# International 784 hydraulic problems



## Fish4u (Mar 20, 2013)

When back hydraulics are up it takes the pressure away from the front, which makes the front end loader unusable.

When the back is down, the front hydraulics work perfectly.

We have checked the hydraulic pump & put in new gasket, valve under the seat replaced. New oil filter and new oil. 
All suggestions welcomed, thanks


----------



## cyrush (Apr 20, 2010)

Hi, welcome to the forum!!

Which valve?? Under the seat have you replaced??

How is loader piped up?? Using the HPCO ( high pressure carry over) ?? Or supplied by an auxiliary valve on the tractor??

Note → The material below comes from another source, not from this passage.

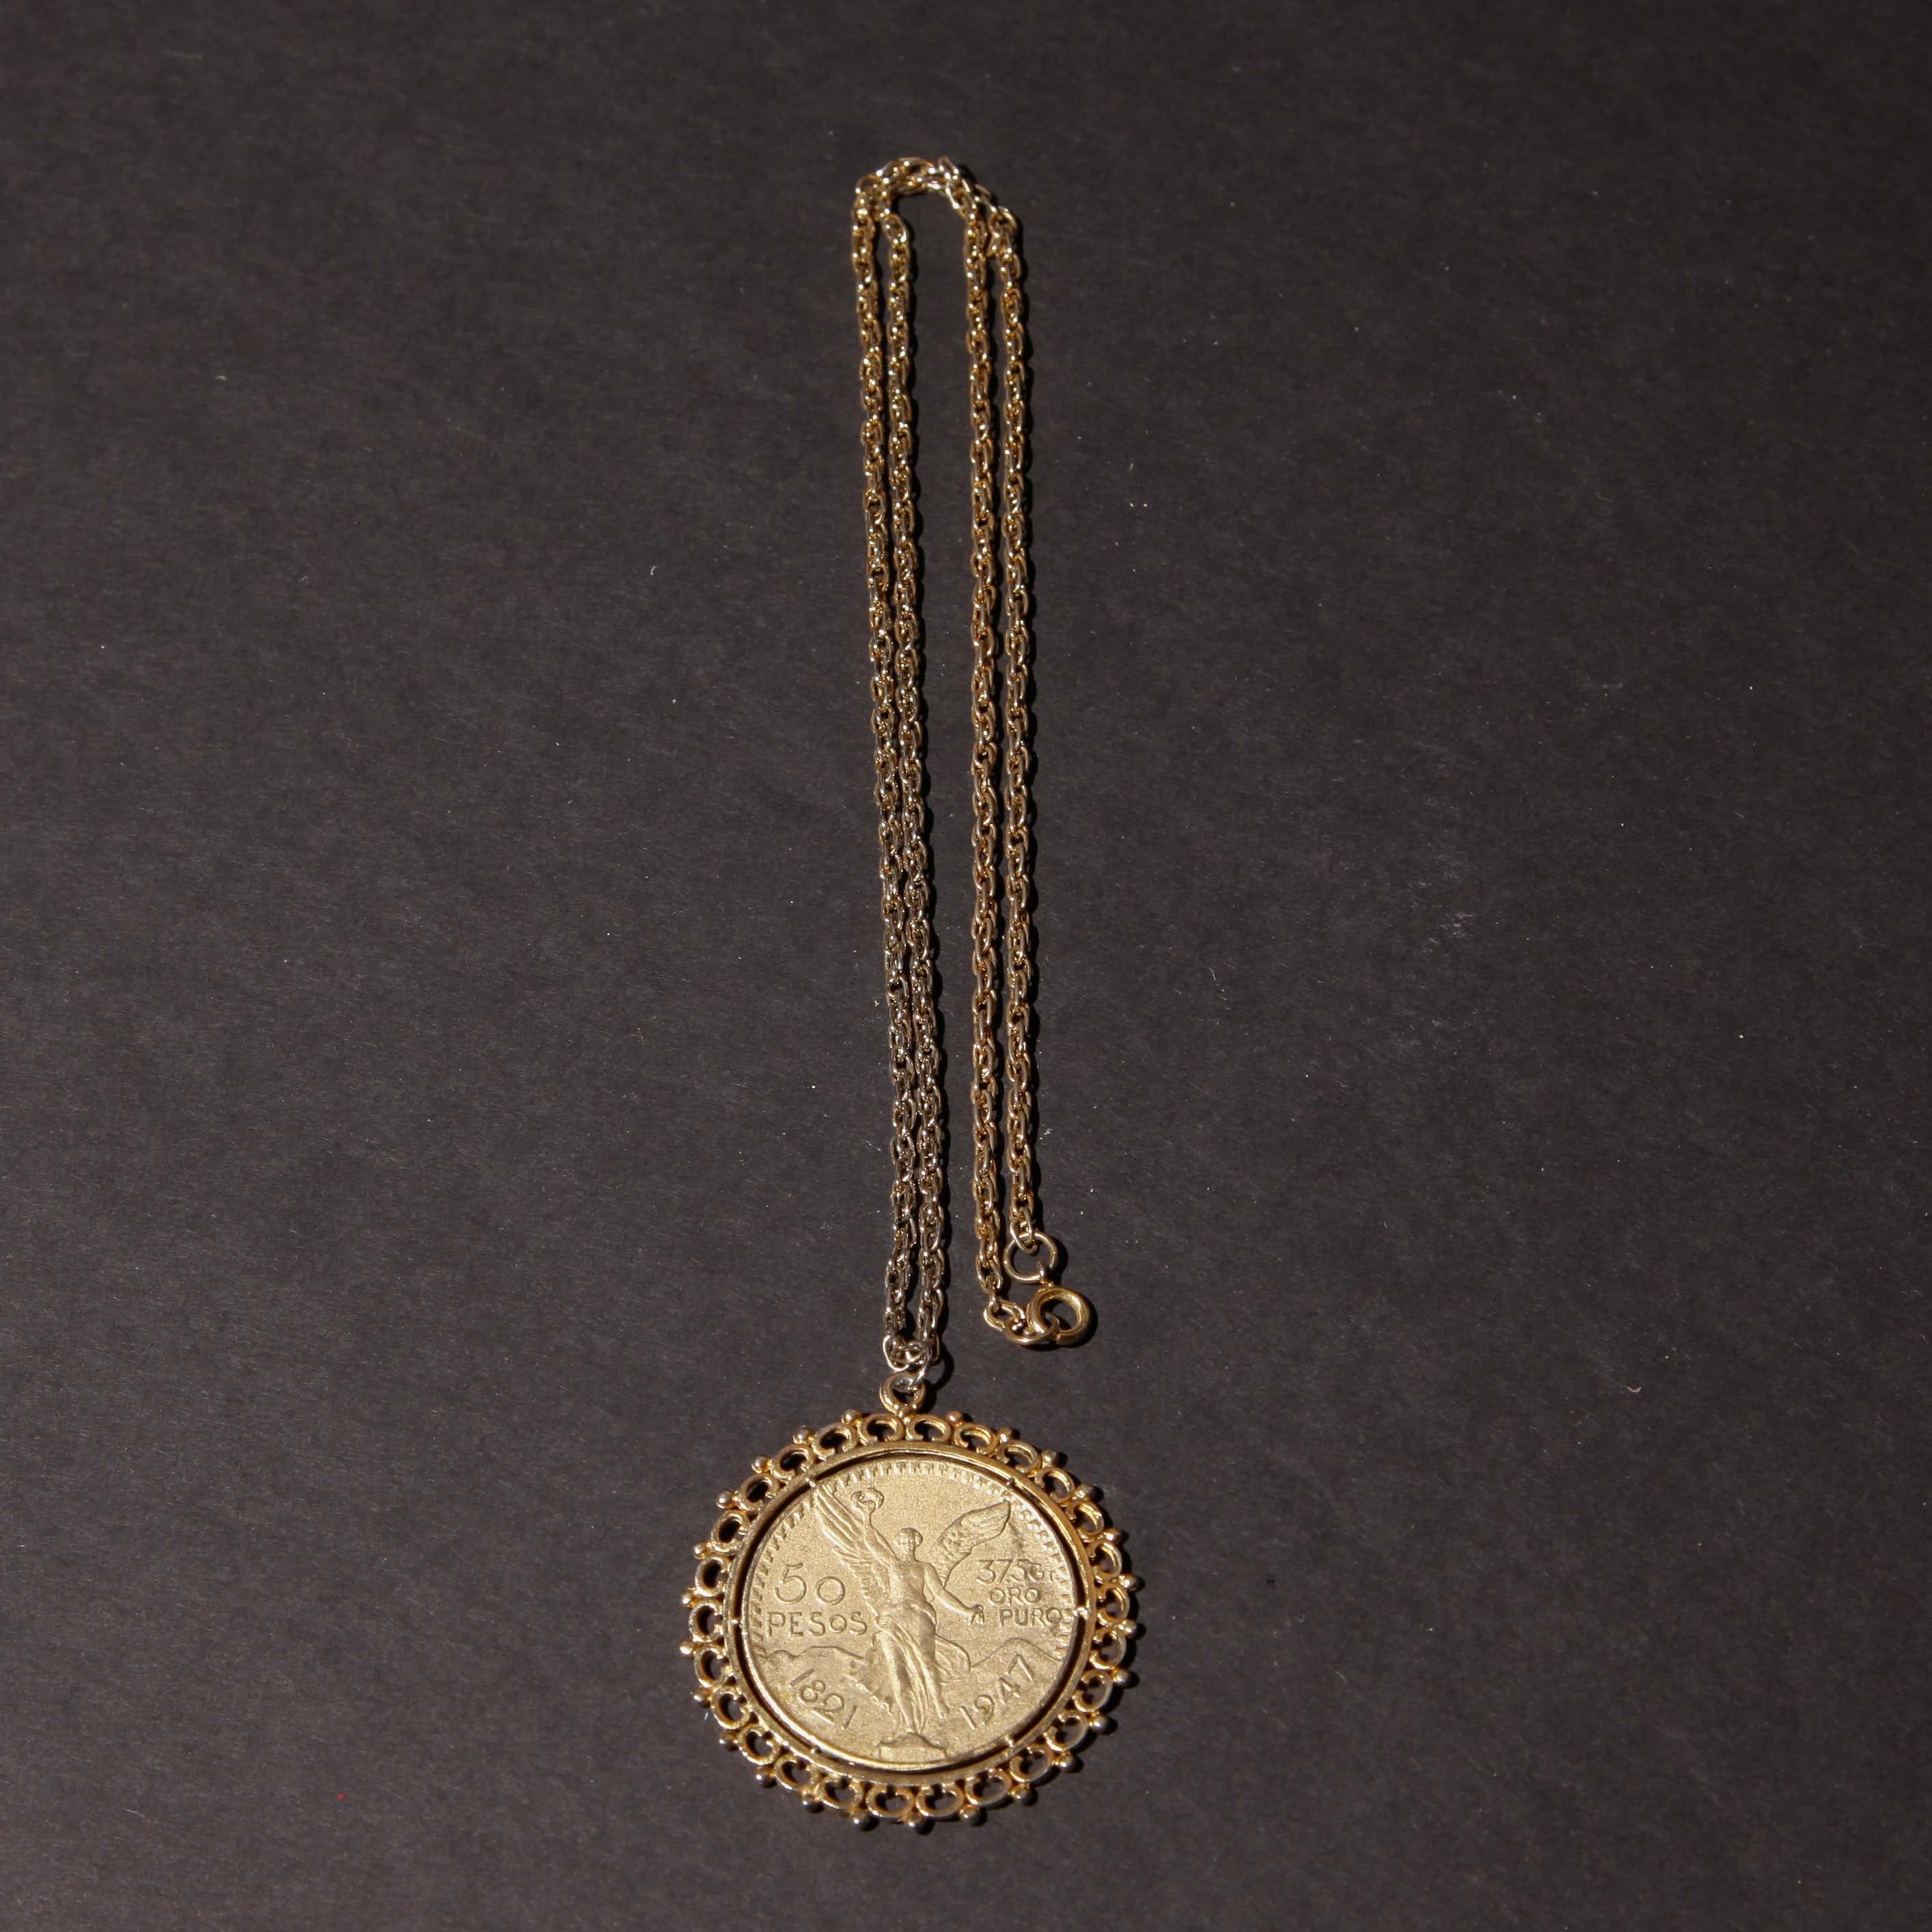 1947 Mexico 50 Pesos Gold Tone Necklace
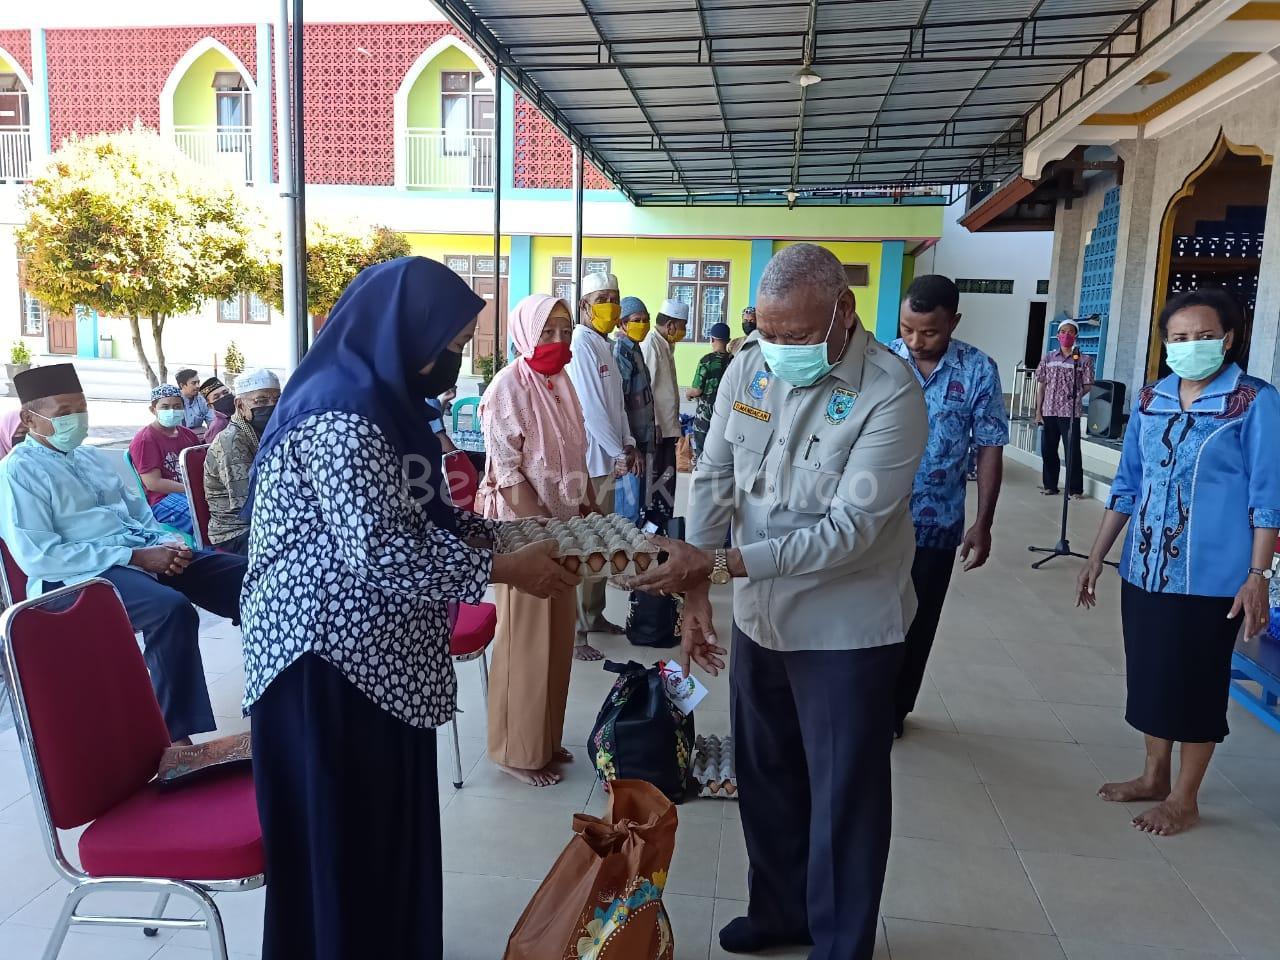 Peduli Umat, Keluarga Mandacan-Kiriweno Serahkan 1.250 Paket Bapok ke Gereja Dan Masjid 24 IMG 20200416 WA0055 1

Is it a 2 line system (supply and loop return) or a3 line system?? ( supply & return + dump return) ??


----------



## Fish4u (Mar 20, 2013)

*International 784*

Thanks for replying, we replaced the dump valve that goes on top of the 3 point linkage under the seat.
It is standard IT sandwich valves, all assistance appreciated, it has everyone here stumped.


----------



## cyrush (Apr 20, 2010)

Near the valve you replaced are 4 large bolt heads??, put a spanner on them and see if any are loose??

Again?? How is loader piped up ??


----------